Courtknee turned a corner at the 4-month mark. She is strong, stable, and mostly pain-free. I've never experienced this with my knees over the past 12 years. Physiotherapy is no longer this tortuous event that causes me to swear profusely. I am so proud of the progress that I've made! When I go to the gym I feel like a regular person again. I lift weights, I squat, I stair climb - I feel strong. In addition, the activities I was told would be painful like kneeling and some yoga poses aren't painful at all. Courtknee has been willing to try new things, and doesn't seem to be limited by the hardware. This is awesome! The right knee, on the other hand, is seriously cramping my style, locking up regularly and causing embarrassing falls. The falls have resulted in a smashed cell phone screen and a cracked Fitbit! It's starting to get expensive. I'm over it. I can't wait to replace it with metal and move on.

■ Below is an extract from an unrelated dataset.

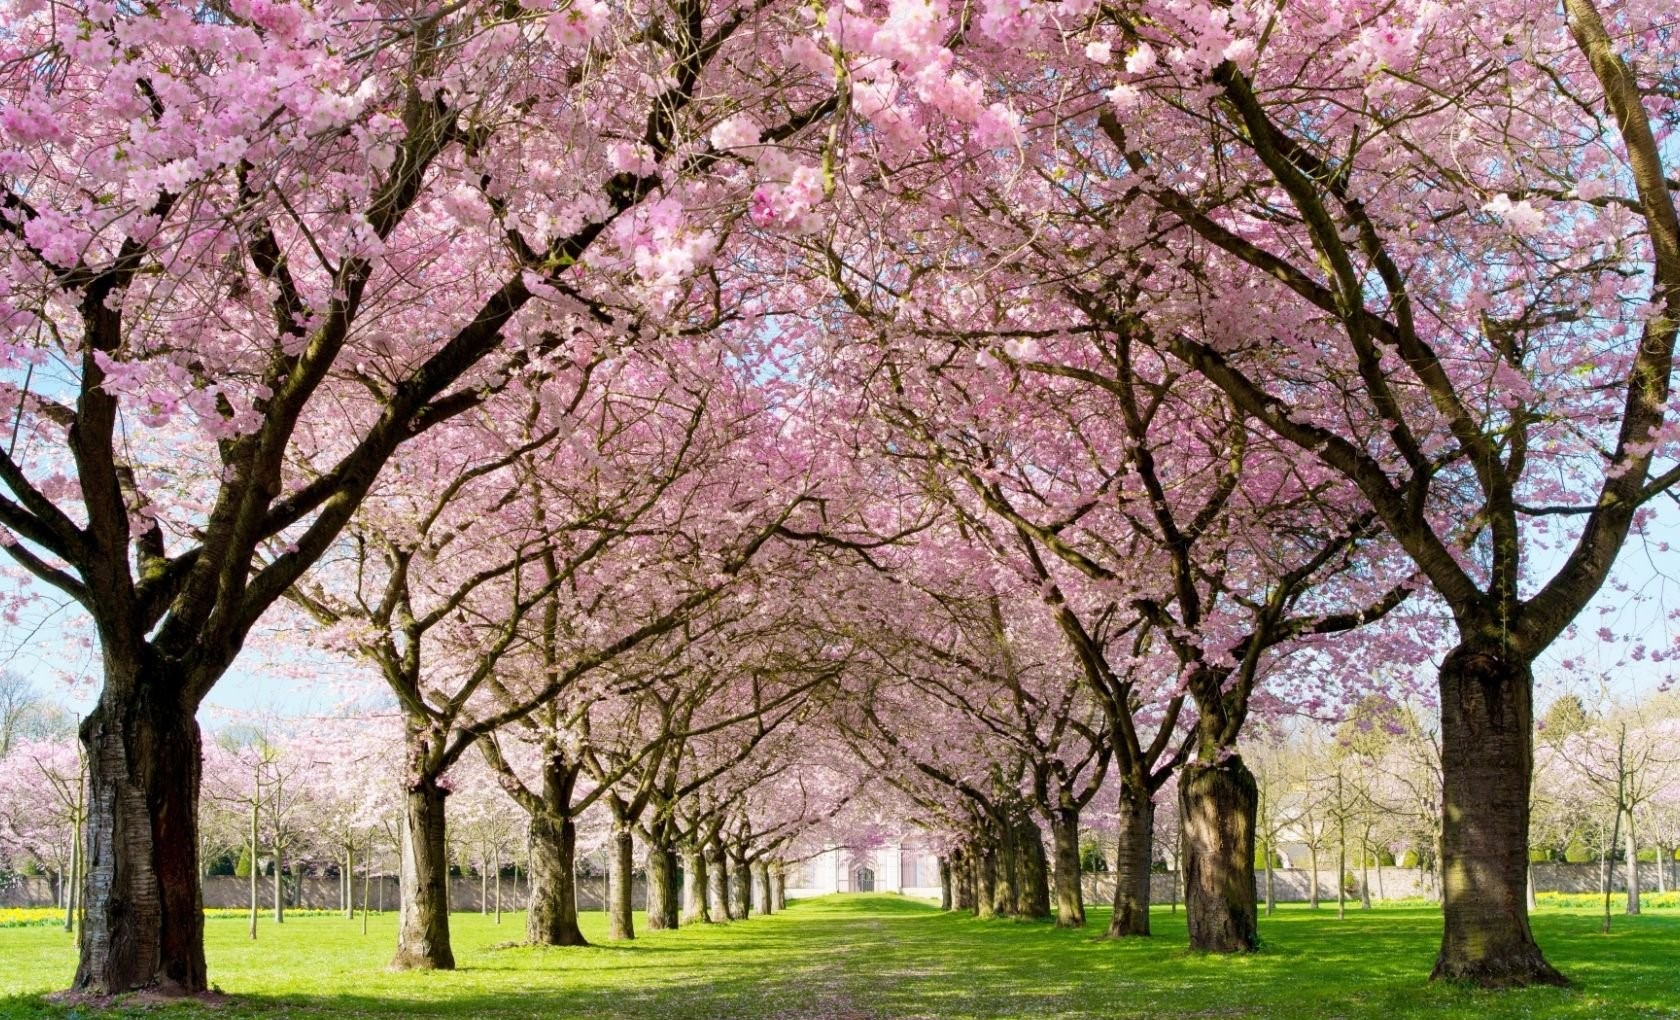 تصویر فصل بهار در پارک سرسبز و خوشگل با کیفیت دیدنی

Mom is scheduled to arrive Sunday - although this massive Toronto snowstorm is keeping us on our toes (please don't cancel the flight, please don't cancel the flight). I'm totally ready to move through the post-op shitty- ness as quickly and as gracefully as possible (please don't pee the bed, please don't pee the bed), and begin introducing this knee to my body. I feel so hopeful. I haven't felt hope in a very long time. I am still nervous that something will derail this surgery on Tuesday (please don't test positive, please don't test positive), so I don't think that I will take a breath until I've been awakened from my anesthetic and see the Frankenstein scar on the my right knee. Aside: Do I gently ask the surgeon to try a little harder to make a straighter cut...or will this seriously piss him off? (please don't screw up my surgery, please don't screw up my surgery). Haha!
Thanks for the all the messages of support. I really appreciate them!